Утром, часов около шести, Наталья почувствовала себя значительно лучше. Она попросила умыться, причесала волосы перед зеркалом, которое держала Дуняшка, и, оглядывая родных как-то по-новому сияющими глазами, с трудом улыбнулась:
– Ну, теперь я пошла на поправку! А я уж испужалась… Думала – всё мне, концы… Да что это ребята так долго спят? Поди глянь, Дуняшка, не проснулись они?
Пришла Лукинична с Грипашкой. Старуха заплакала, глянув на дочь, но Наталья взволнованно и часто заговорила:
– Чего вы, маманя, плачете? Не такая уж я плохая… Вы меня не хоронить же пришли? Ну, на самом деле, чего вы плачете?
Грипашка незаметно толкнула мать, и та, догадавшись, проворно вытерла глаза, успокаивающе сказала:
– Что ты, дочушка, это я так, сдуру слезу сронила. Сердце защемило, как глянула на тебя… Уж дюже ты переменилась…
Легкий румянец заиграл на щеках Натальи, когда она услышала Мишаткин голос и смех Полюшки.
– Кличьте их сюда! Кличьте скорее!.. – просила она. – Нехай они потом оденутся!..
Полюшка вошла первая, на пороге остановилась, кулачком протирая заспанные глаза.
– Захворала твоя маманька… – с улыбкой проговорила Наталья. – Подойди ко мне, жаль моя!
Полюшка с удивлением рассматривала чинно сидевших на лавках взрослых, подойдя к матери, огорченно спросила:
– Чего ты меня не разбудила? И чего они все собрались?
– Они пришли меня проведать… А тебя я к чему же будила бы?
– Я б тебе воды принесла, посидела бы возле тебя…
– Ну, ступай, умойся, причешись, помолись Богу, а потом прийдешь, посидишь со мной.
– А завтракать ты встанешь?
– Не знаю. Должно быть, нет.
– Ну тогда я тебе сюда принесу, ладно, маманюшка?
– Истый батя, только сердцем не в него, помягче… – со слабой улыбкой сказала Наталья, откинув голову и зябко натягивая на ноги одеяло.
Через час Наталье стало хуже.
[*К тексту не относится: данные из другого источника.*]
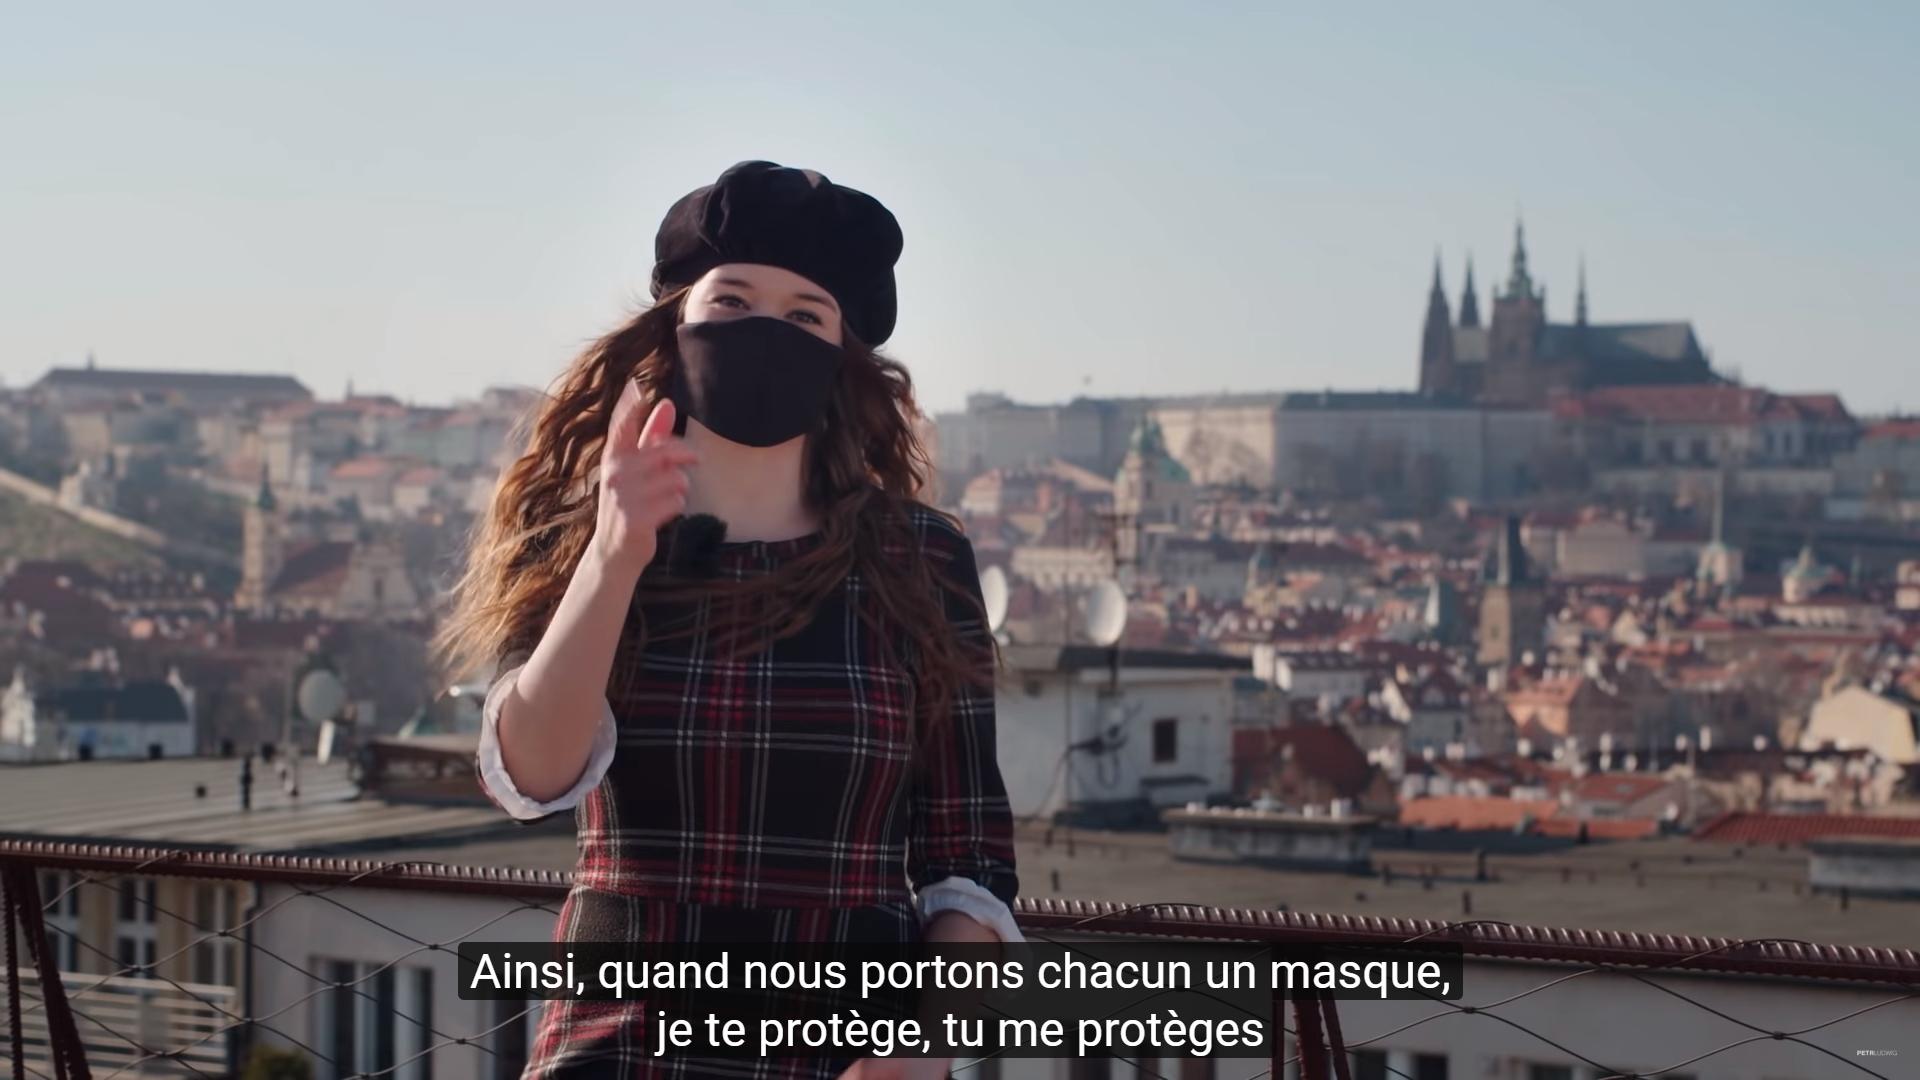 200407 - Campagne masks4all by compte Youtube Petr Ludwig Konec prokrastinace - La Déviation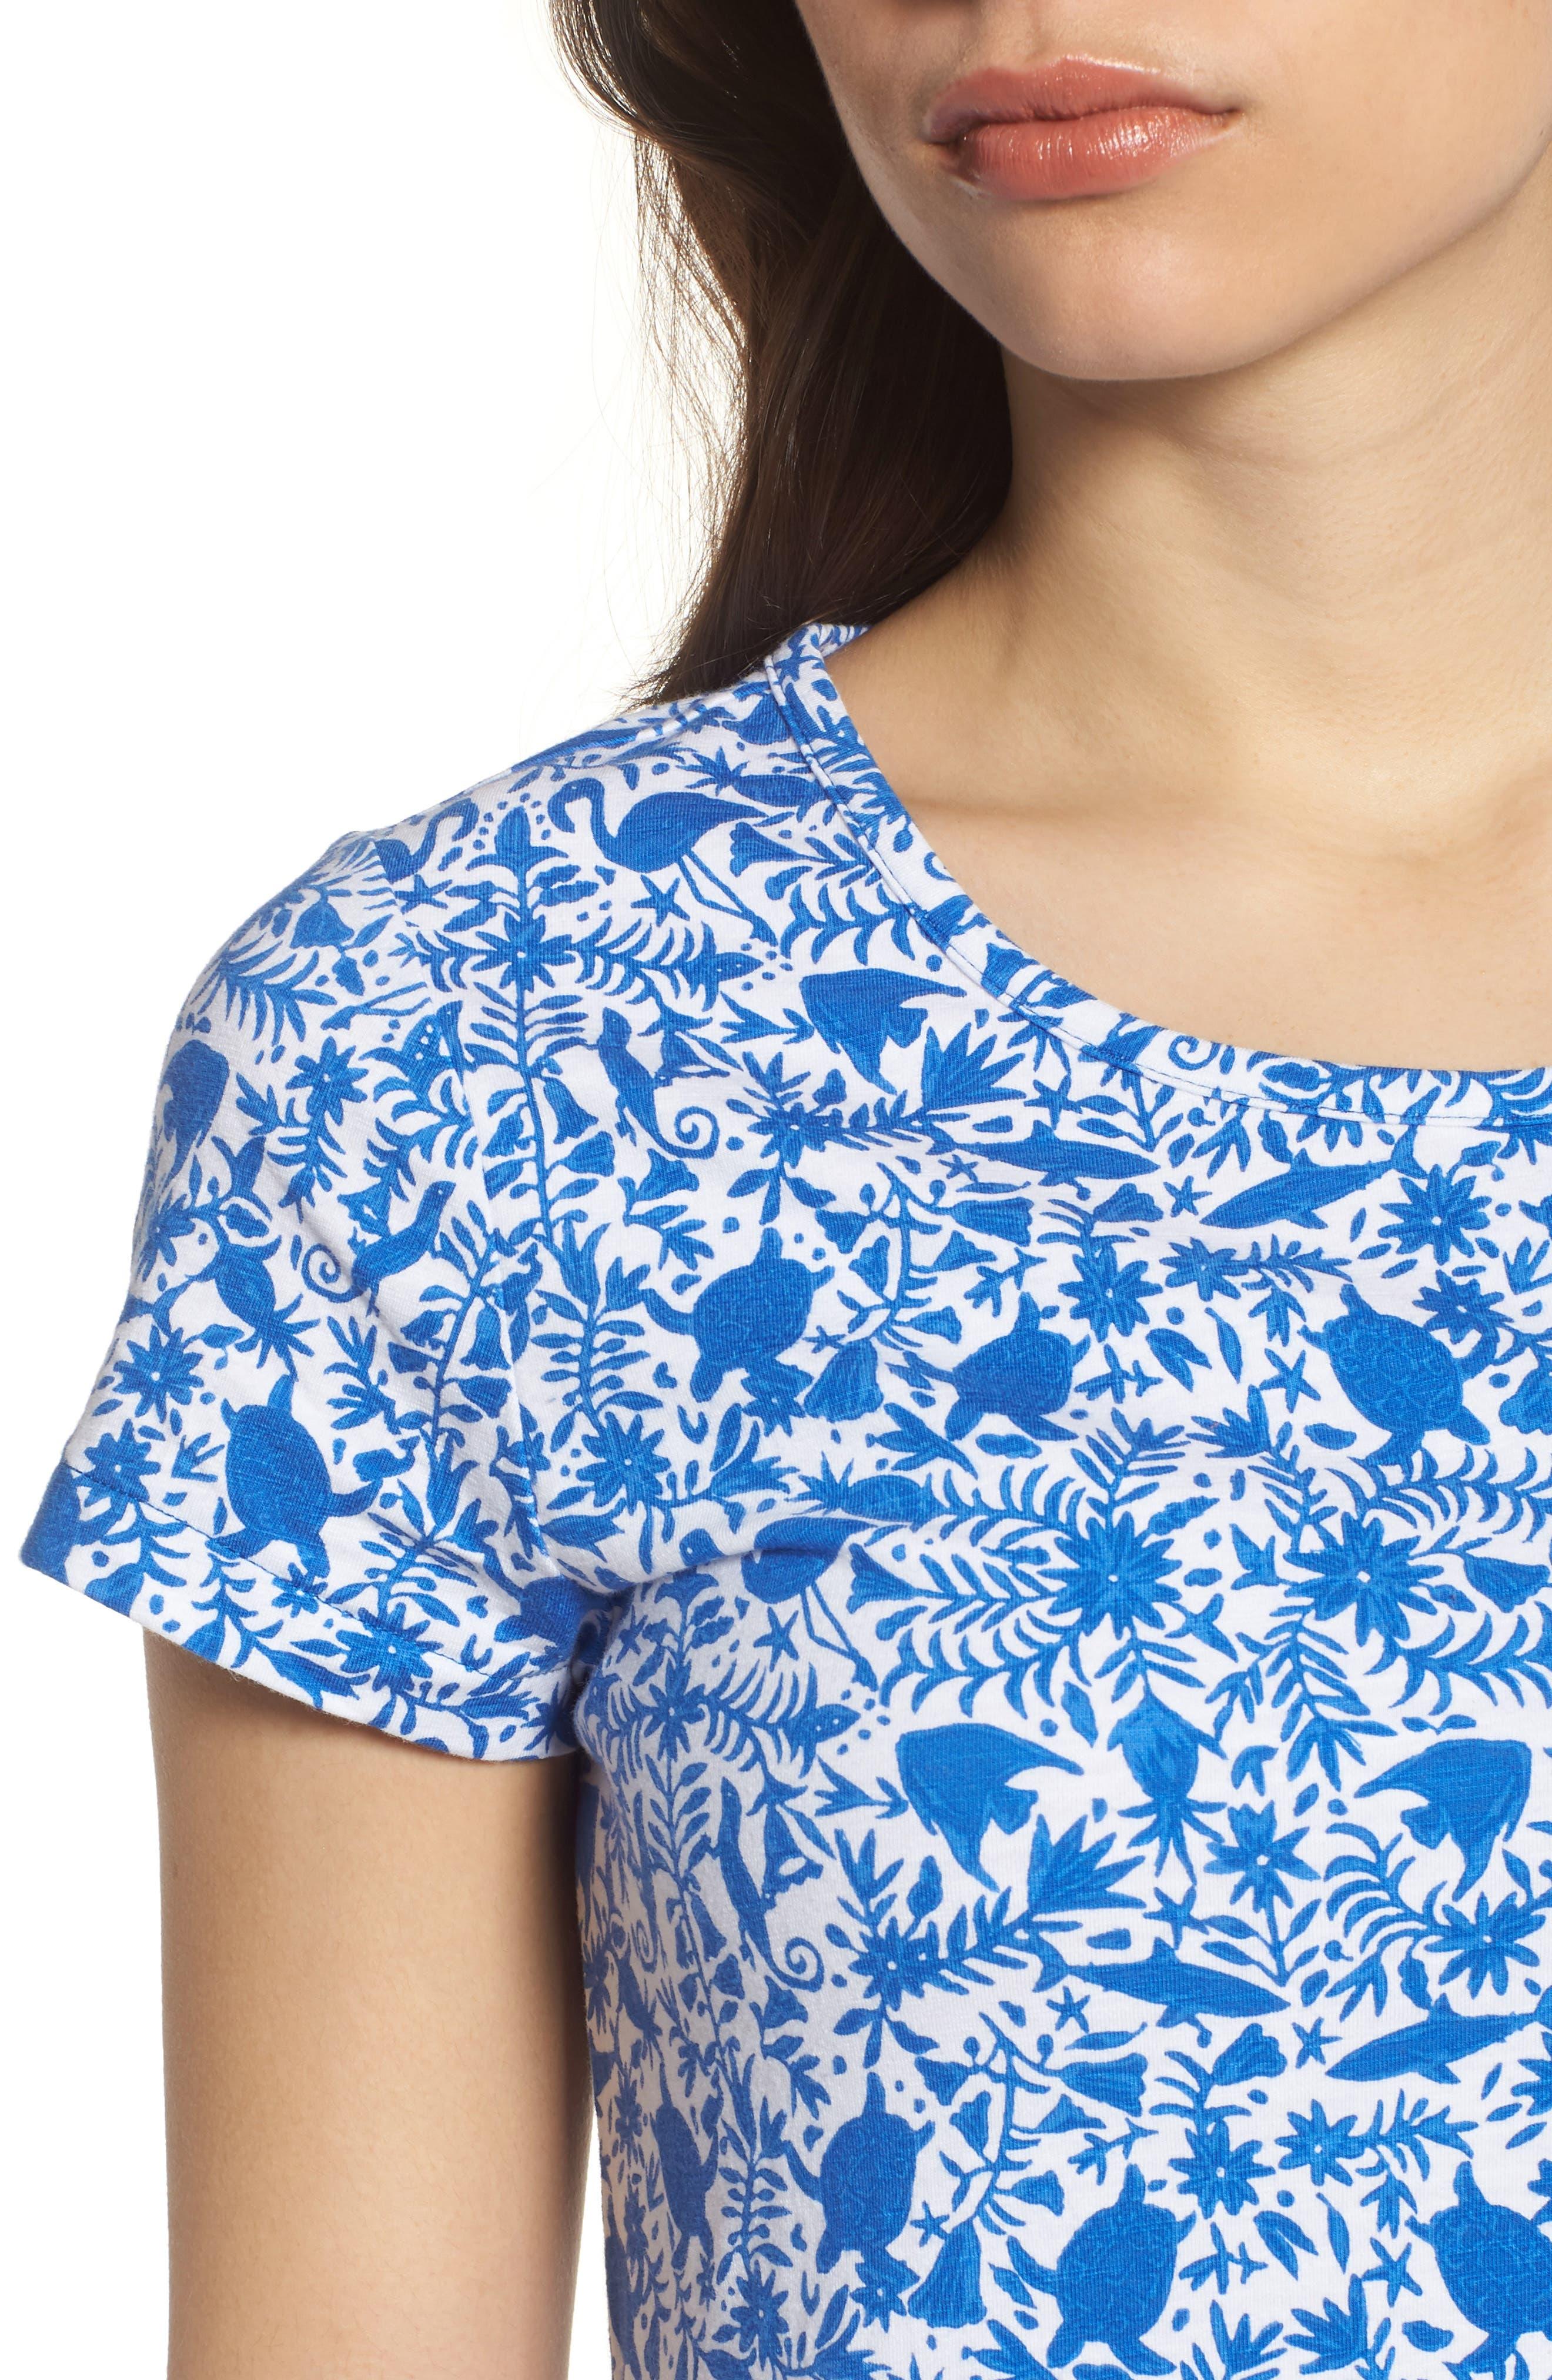 Bahamas Otomi Print Stretch Cotton Dress,                             Alternate thumbnail 4, color,                             Yacht Blue

Она поманила пальцем к себе детей, обняла их, перекрестила, поцеловала и попросила мать, чтобы та увела их к себе. Лукинична поручила отвести ребятишек Грипашке, сама осталась около дочери.
Наталья закрыла глаза, сказала, как бы в забытьи:
– Так я его и не увижу… – Потом, словно что-то вспомнив, резко приподнялась на кровати. – Верните Мишатку!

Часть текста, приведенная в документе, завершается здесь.